|
Comparative Review of Descending Devices
By Matt Smith
When rappelling it is essential that your rappel device be safe, easy to use
and perhaps most important, that you feel comfortable using it. I have
spent the last few months testing several of the belay/rappel devices
available. Here is a list of the descenders and a summary of my
impressions and experiences with each device:
Petzl Stop
Petzl Huit
Petzl Rack
Petzl I.D.
Trango Pyramid
Trango Jaws
Wild Country Variable Controller
SMC NFPA Rack
SMC Anodized Aluminum Straight 8
Petzl Stop
The design of the Petzl Stop is perhaps the best in the group. The body of the
Stop opens such that the device can be placed on the rope without disconnecting
it from your main carabiner. It is a very smooth rappel and the Auto-Lock
feature is not only very safe, but also very convenient when you need to lock
off. There are no knots to fumble with, just release the lever and you're set.

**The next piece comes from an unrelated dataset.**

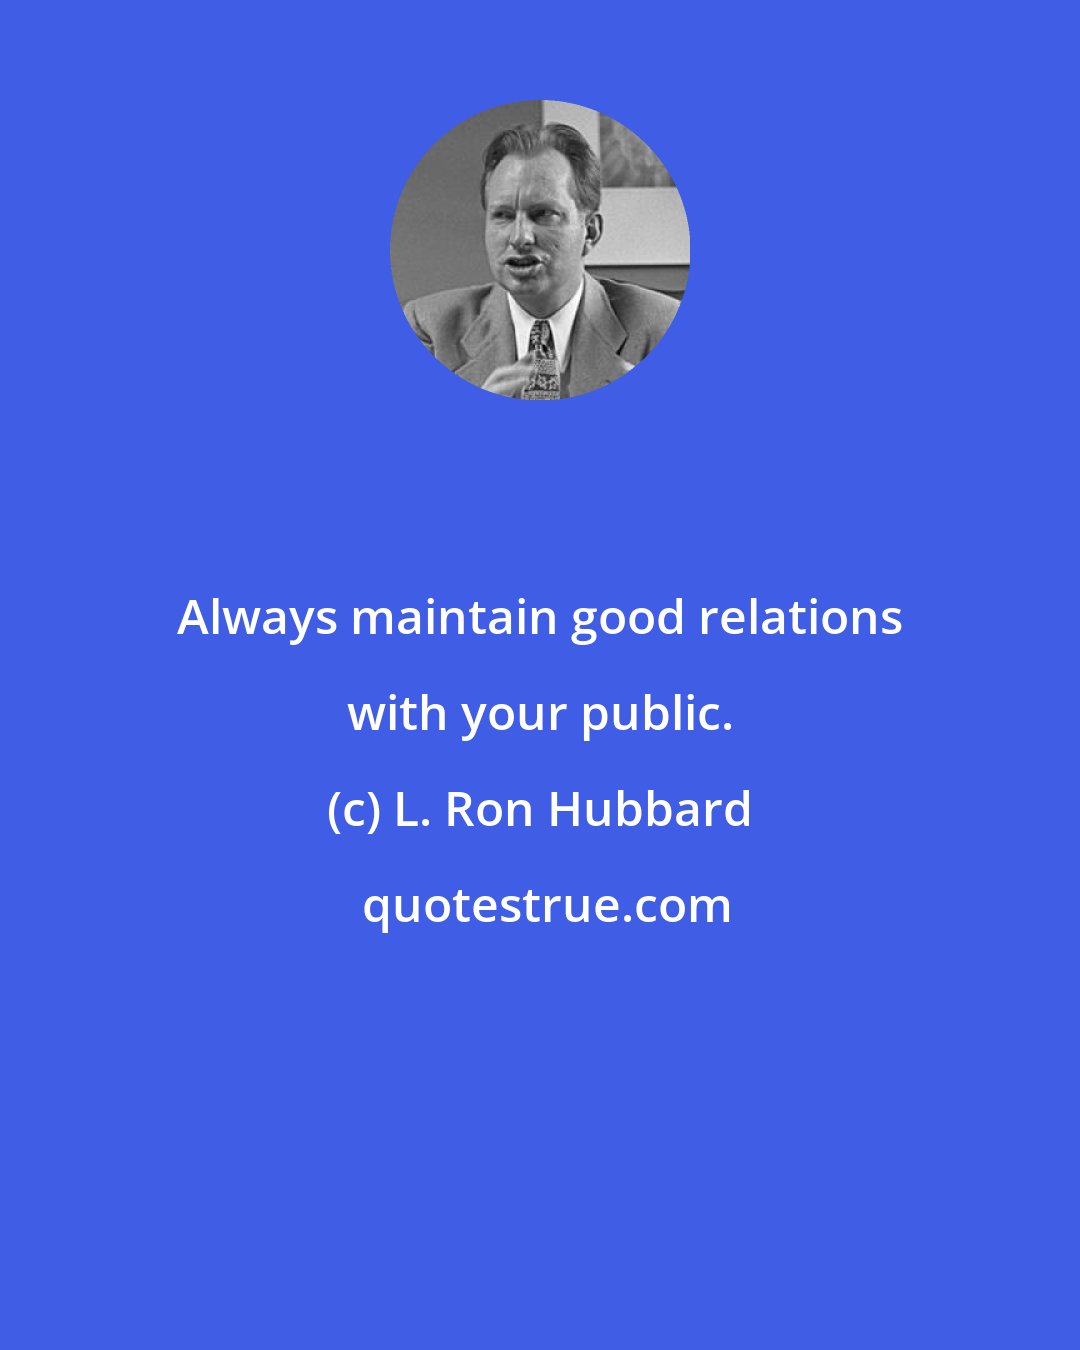 L. Ron Hubbard: Always maintain good relations with your public.
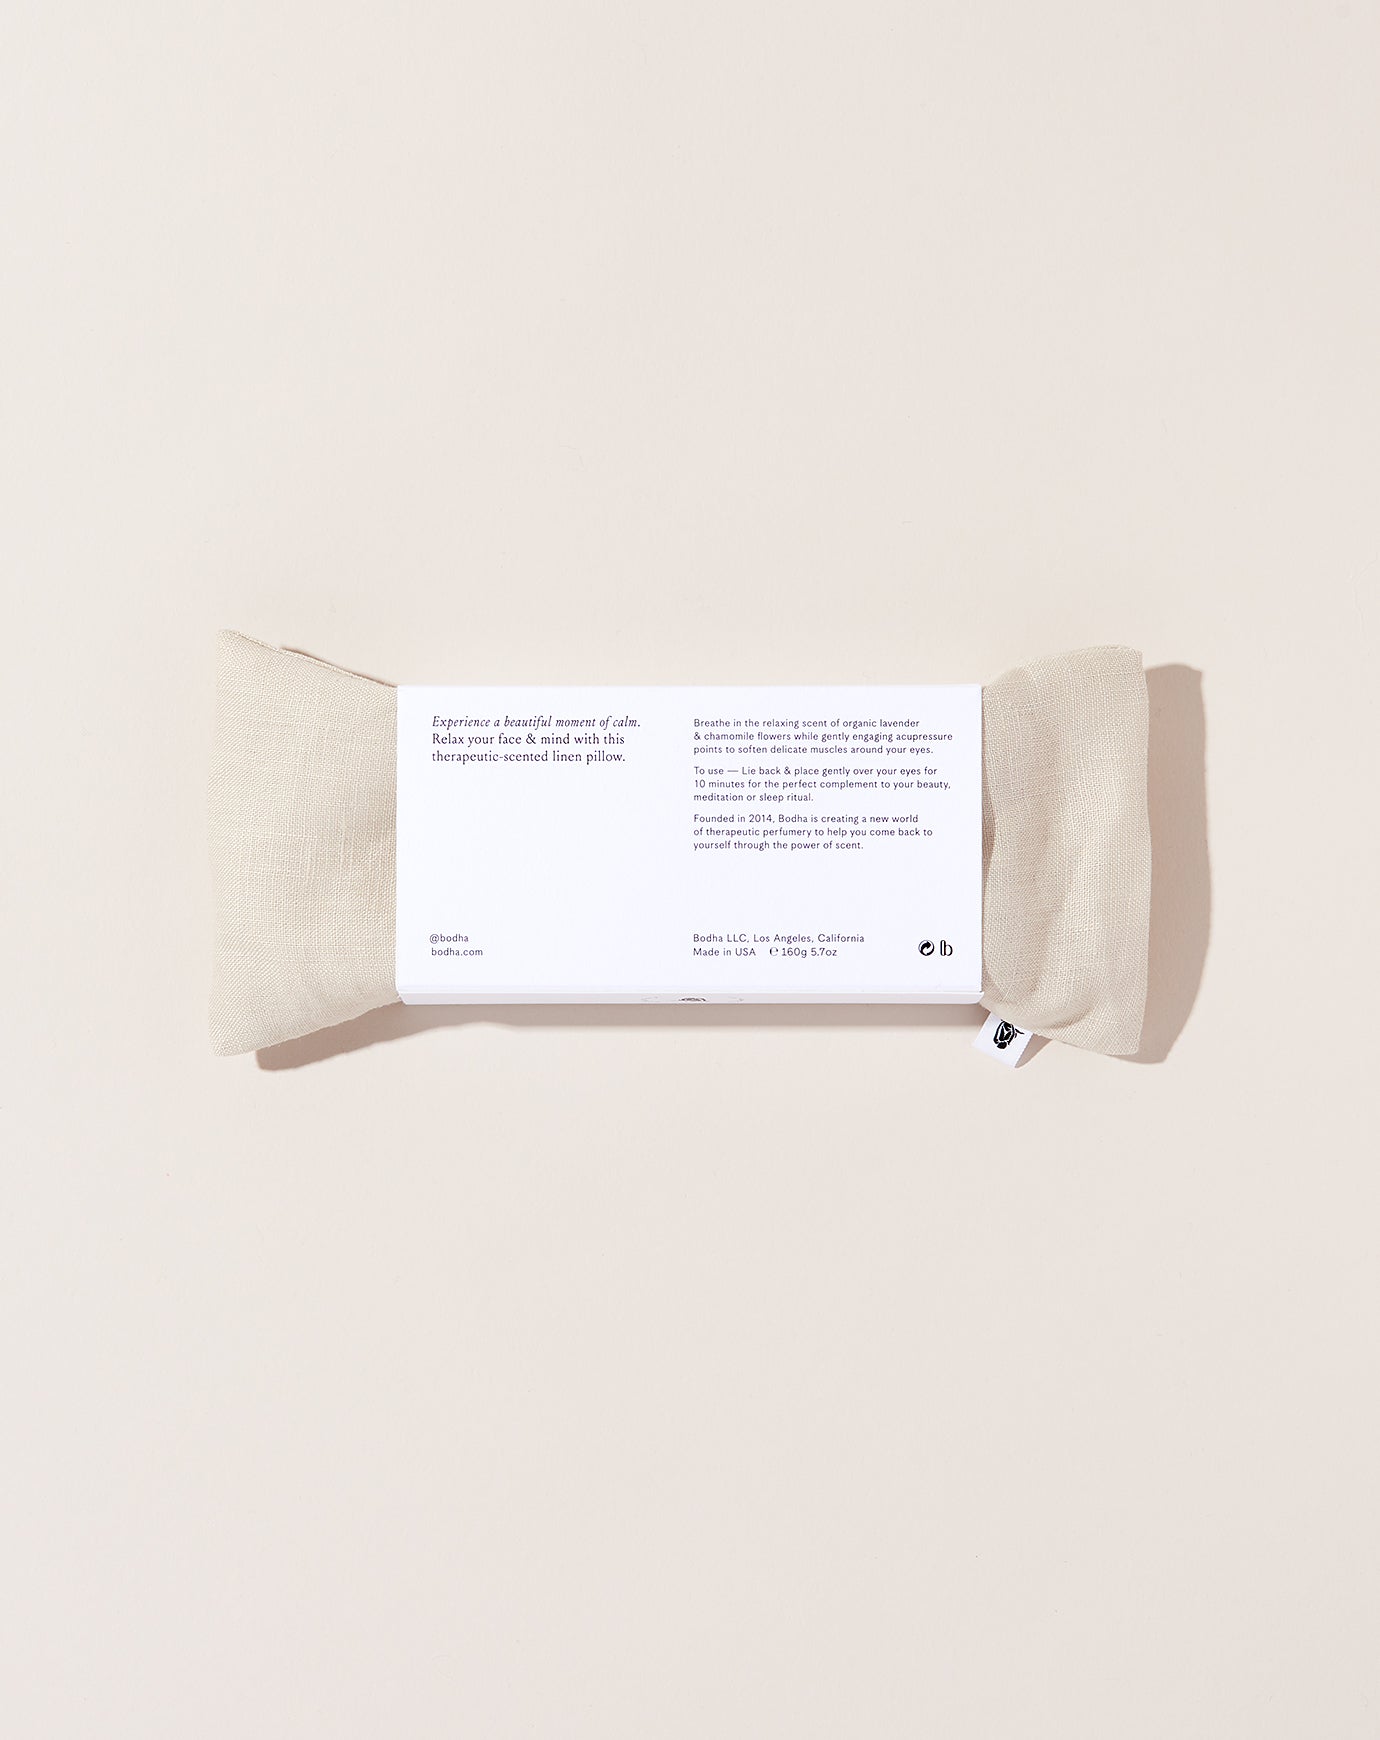 Linen Aromatherapy Eye Pillow in Natural

The cam over which the rope passes can be replaced once it becomes worn at a
very reasonable cost. One of the advantages of the Stop over other devices is
that is doesn't induce a coil in the rope, which results in longer rope life
and helps prevent the rope from tangling when it is thrown off a drop. An
added benefit of the stop is that the Auto-Lock feature allows the descender
to be used as an ascender should the need arise. At just over 325 grams you
hardly notice the stop in you pack or on your belt. The price tag is higher
than most other devices in the group at $67.00, but the functionality warrants
the cost. The Stop will handle 9-11 mm rope, smaller rope diameters will work,
but the Auto-Lock feature is no longer active.
Back to list
Petzl Huit
The Huit is similar to a standard figure 8 with the only two significant
differences being the rectangular shape of the large ring and the plastic
covered tab on the top. Petzl claims that the Huit does not twist the ropes,
which I found to be mostly true. The Huit did induce a small amount of coil
into the rope, but it was minimal and insignificant when compared with
standard figure 8's. Hooking on the Huit is simple and fast, but it does
require the device to be removed from your carabiner, which could result
in the device being dropped. Rope feed through the Huit is quick and easy.
With dry 10.5 mm rope I felt that I had to really crank of the brake end
to stop. The plastic coated tab on the top of the Huit gives you a place
to hold while disconnecting from the rope without burning your hands.
After a long rappel I couldn't detect any significant heat on the surface
of the tab. In contrast, the SMC Straight 8 was plenty hot after longer
rappels, and you have no choice but to grab right onto the business part
of the device. The Huit is fairly light at 100 grams and may be carried
as a back-up device. The Huit can be used on single or double ropes from
8-12 mm. The price tag of $16.50 makes the Huit an economical choice.
Back to list
Petzl Rack
Widely used in caving, the Petzl Rack has distinct advantages over many
other rappel devices. It is because of these advantages that the Rack
was one of my favorite devices in the group. Perhaps the biggest advantage
of the Rack is that friction on the rope can be adjusted in mid-rappel
while the device is loaded. This is accomplished by simply swinging the
brake bars into the open or closed position. The device can remain clipped
to your carabiner while hooking into the rope eliminating the possibility
you might drop it. The rack is very easy to lock off and I found that with
exception to the Stop, the Rack was the most versatile device in the group.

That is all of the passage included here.